Supplied material section start

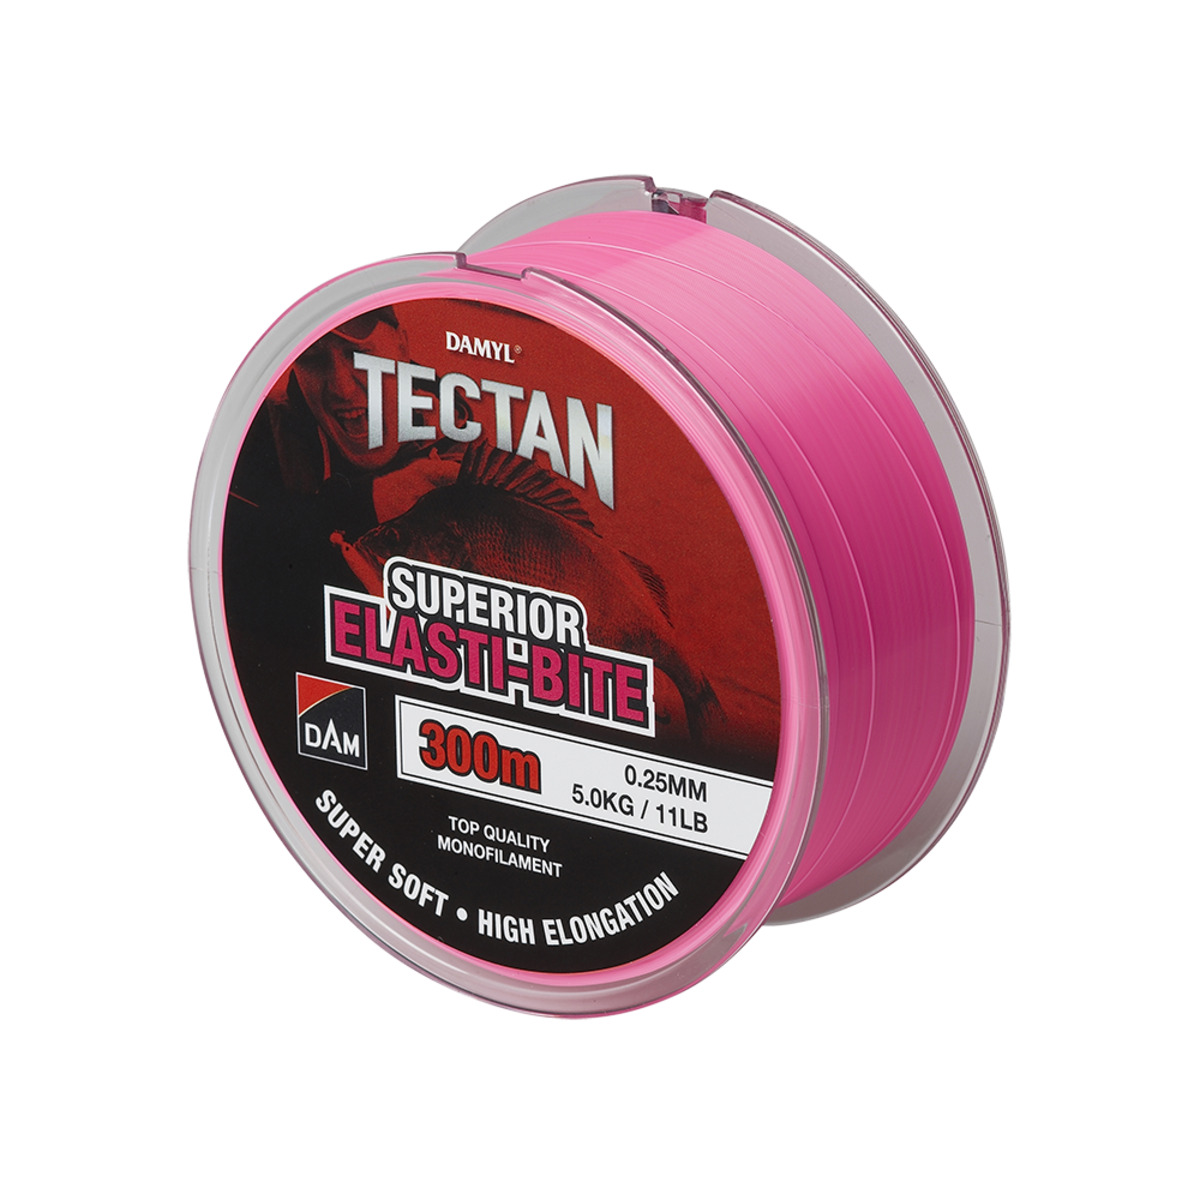 Dam Tectan Superior Elasti-bite 300m - 0.25MM 5KG 11LBS PINK
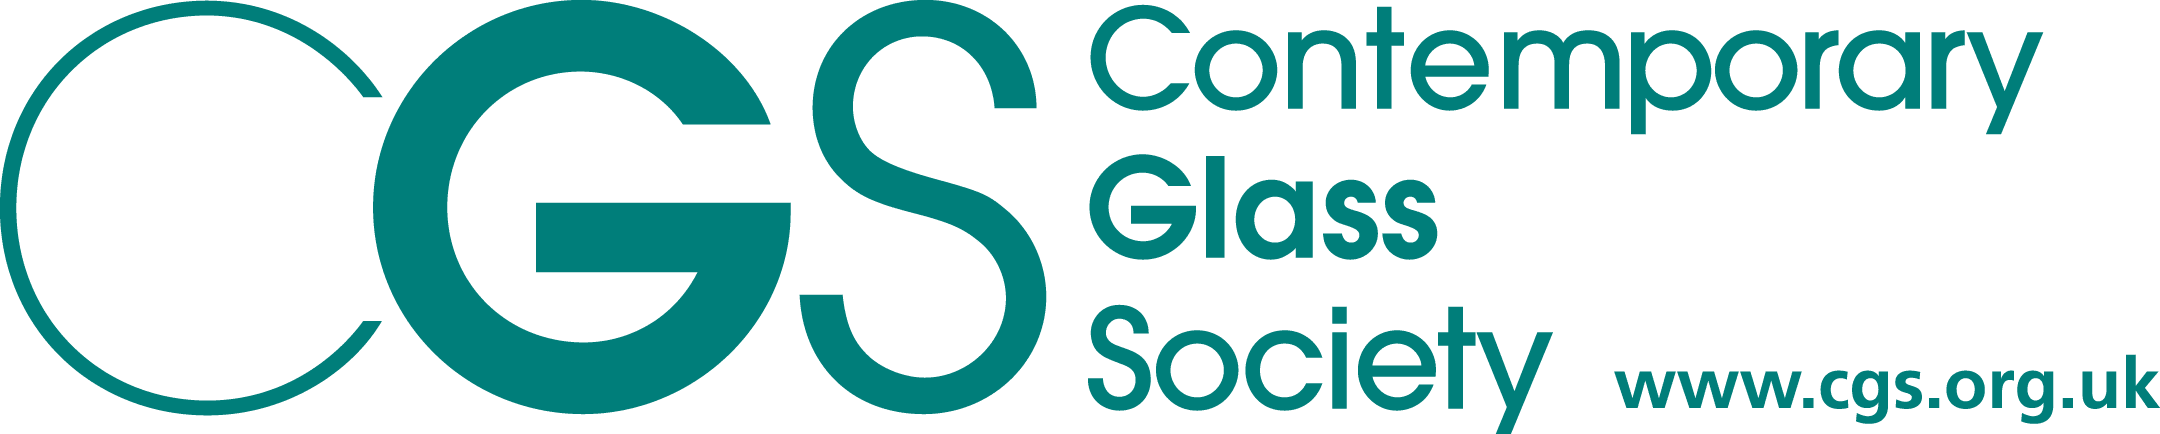 Contemporary Glass Society
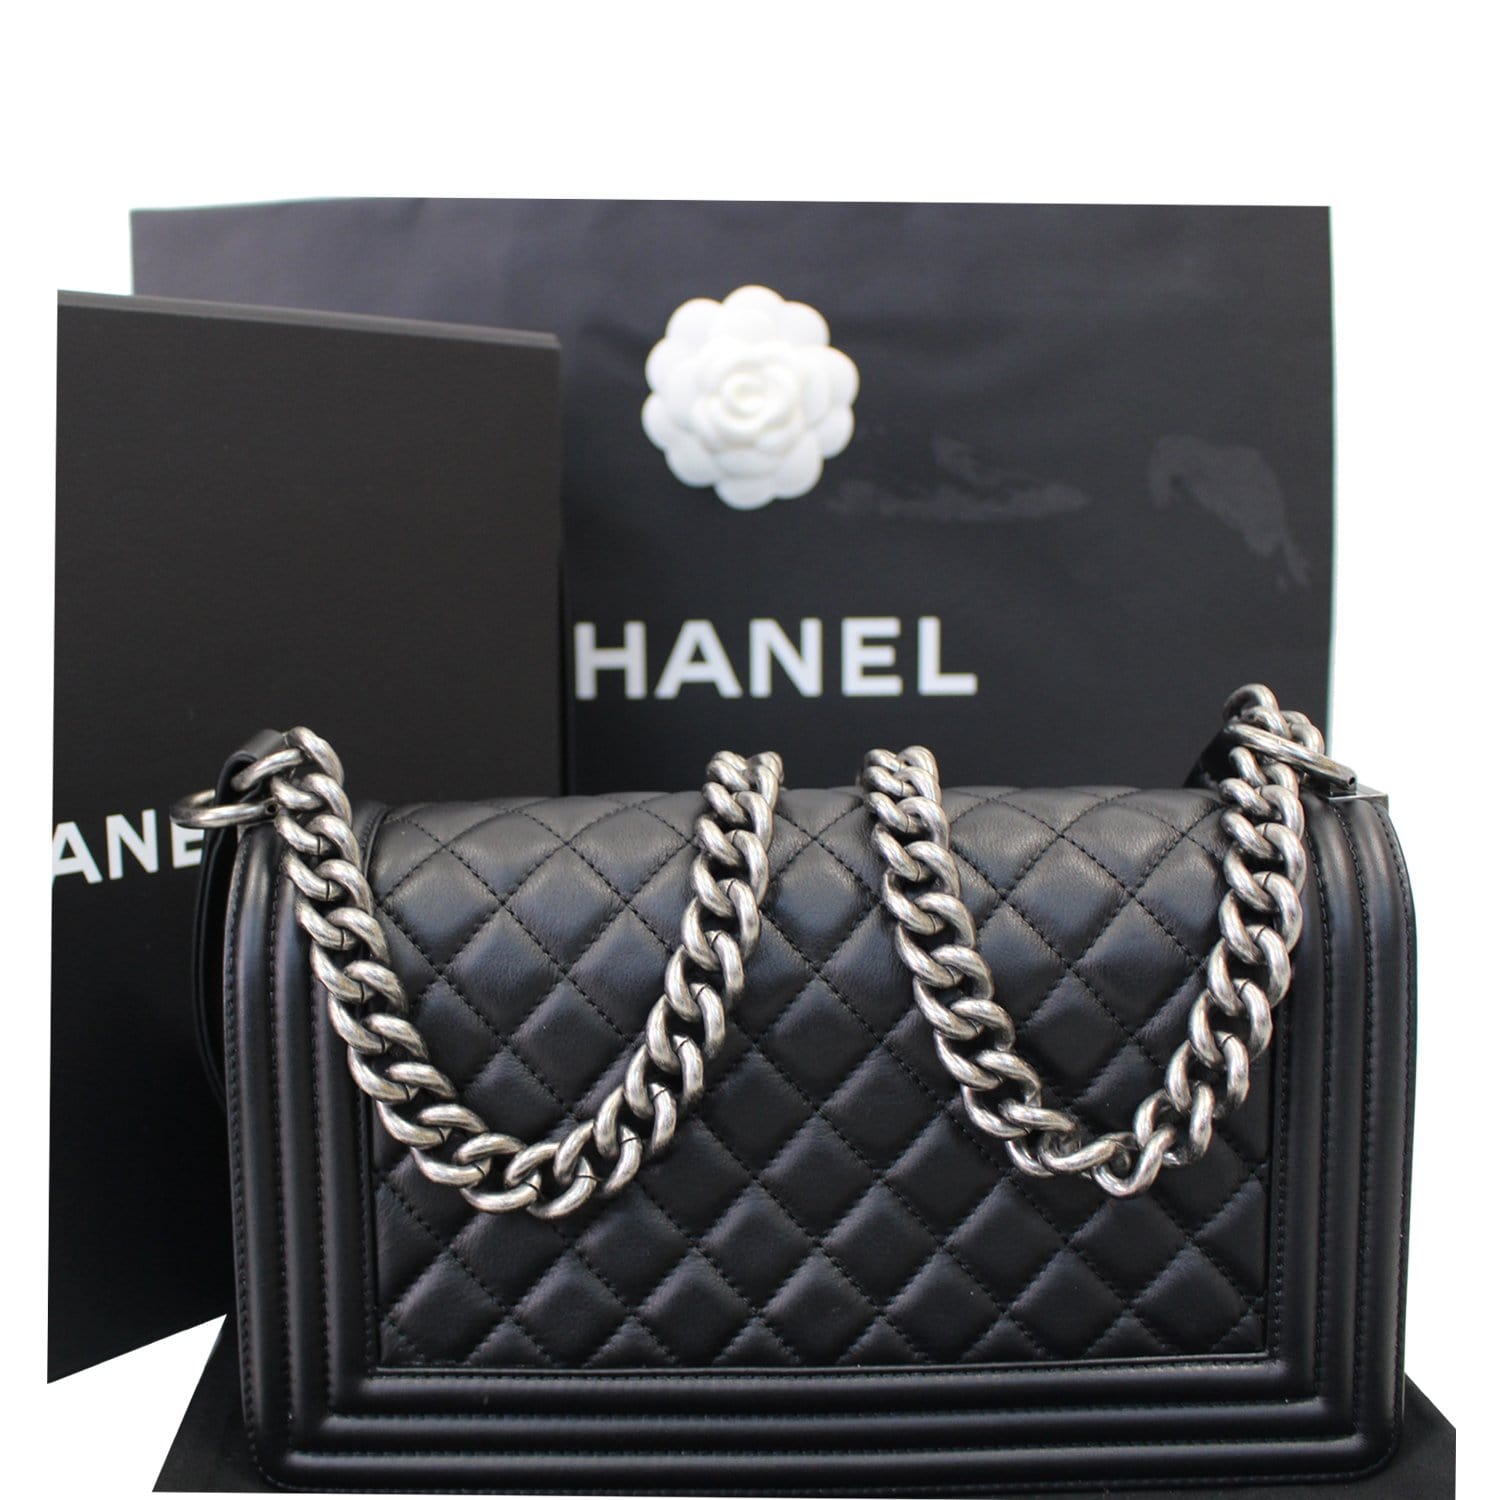 Chanel Boy Medium Leather Shoulder Bag - Chanel Flap

Supplied material section end

__What is being asked__
Retype the listing above exactly, pictures excluded.

__Task response__
 Dam Tectan Superior Elasti-bite 300m - 0.25MM 5KG 11LBS PINK
 Contemporary Glass Society
 Chanel Boy Medium Leather Shoulder Bag - Chanel Flap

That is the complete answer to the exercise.